O que são “anjos” senão imaginação ampliada pela razão? O que são “demônios” senão a imaginação fervilhada pelo desejo? São uma personificação de graus variáveis de afecção sensível. Vestígios de uma atividade anímica alucinatória cada vez mais esforçando por tomar distância da animalidade. São como reflexos dos precursores sombrios de feiticeiros, santos, teúrgicos [7], teólogos e de filósofos, desenhados e cromatizados pelas fantasias dos artistas, e convertidos em personagens de hipóteses científicas – “demônio de Maxuel”. A angeologia e a demonologia não tem apenas um interesse aos “místicos das letras” [8], nela encontramos a expressão imaginária de um “governo do mundo” em que Deus ou o Estado é o “Urstaat” (DELEUZE; GUATTARI, 2010a), semente primeva do capitalismo mundial integrado; seus anjos arcontes, potestades e magistrados de instituições que personificam a lei; os demônios como os jogos subreptícios da “realpolitik” dos pactos que pulam as cercas e as regras instaurando a exceção como prática de governo.
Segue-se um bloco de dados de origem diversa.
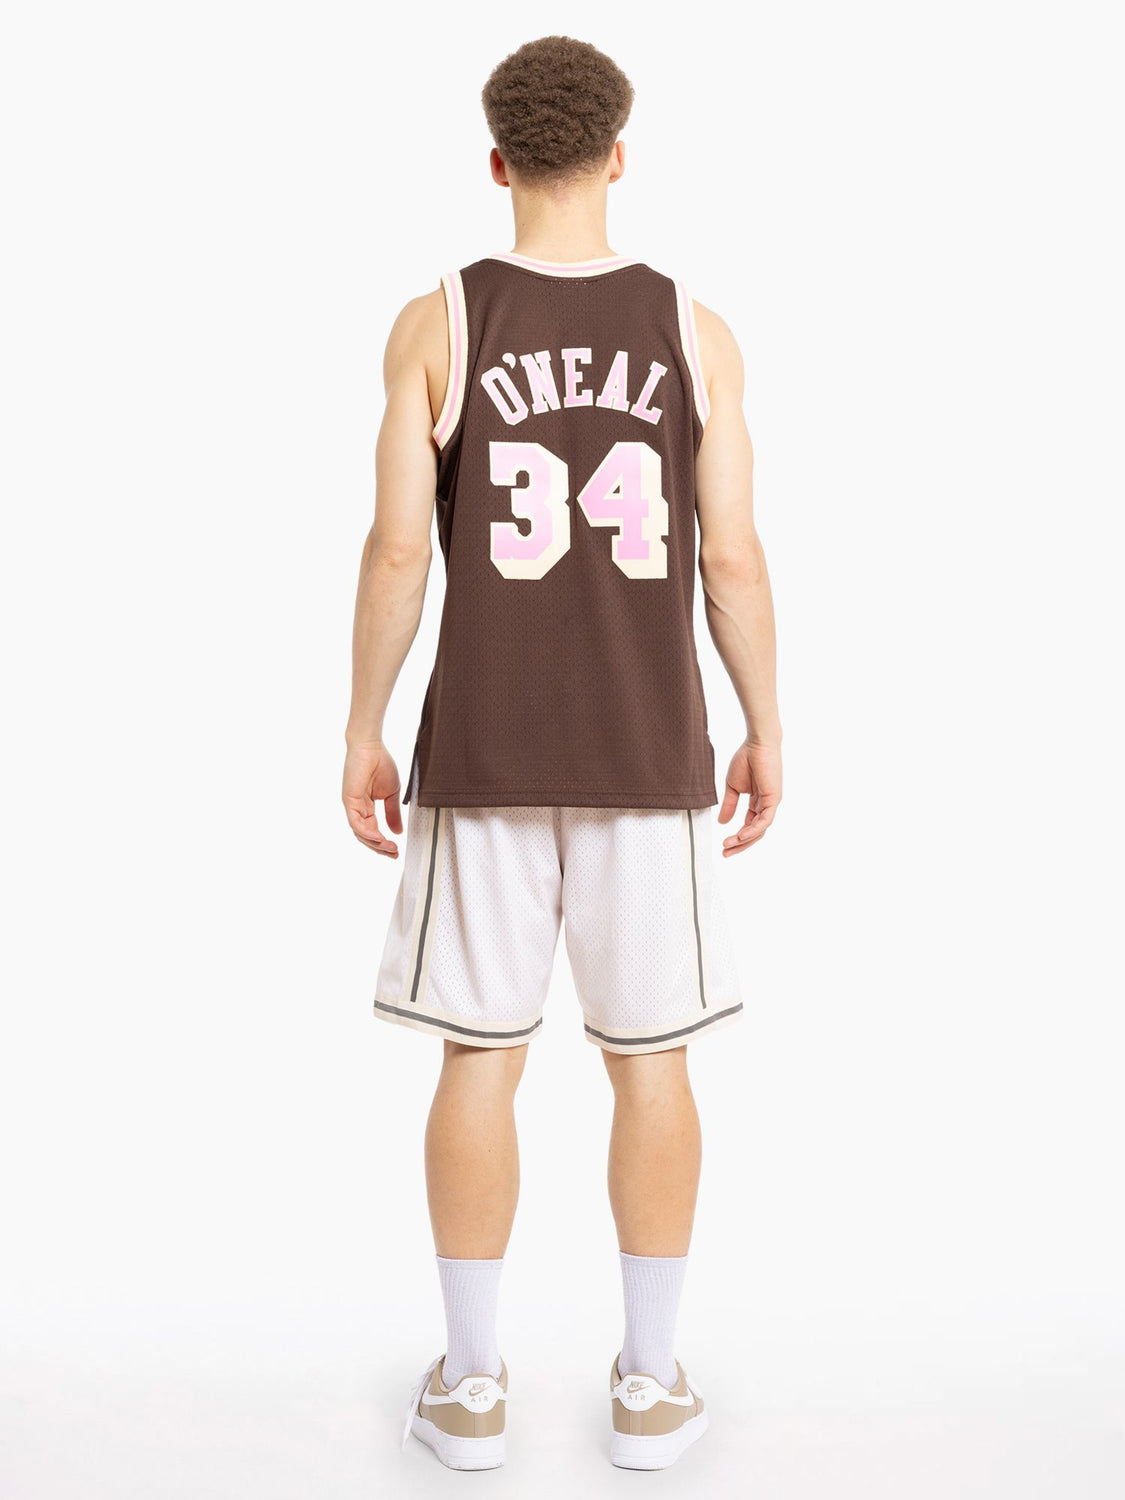 Source Scottie Pippen White Best Quality Stitched Basketball Jersey on  m.

Anjos e demônios ambos frequentemente aparecem em obras de ficção tão bons quanto maus, conforme as circunstâncias. A cultura “insone” ou “esclarecida” beira a conspiração como “delírio histórico mundial” (Ibid.), não há cultura erudita que não tenha elementos esquizóides. Os moralistas são em verdade tomados sempre por uma espécie de afecção cética, desconfiam dos anjos como dos demônios, embora queiram parecer angélicos, e não cessem de recorrer aos “pactos”: O Sacerdote e O Diabo são cartas intimamente relacionadas na iconografia de baralhos de Tarot. Descartes tinha seu Deus enganador e seu diabo perverso, e também seus sonhos. E o que é o sonho senão a marca do sensível sobre nós? De um sensível que nos antecede? De um mundo de imagens que apreendemos e produzimos ao ponto de confundi-las em nossa memória?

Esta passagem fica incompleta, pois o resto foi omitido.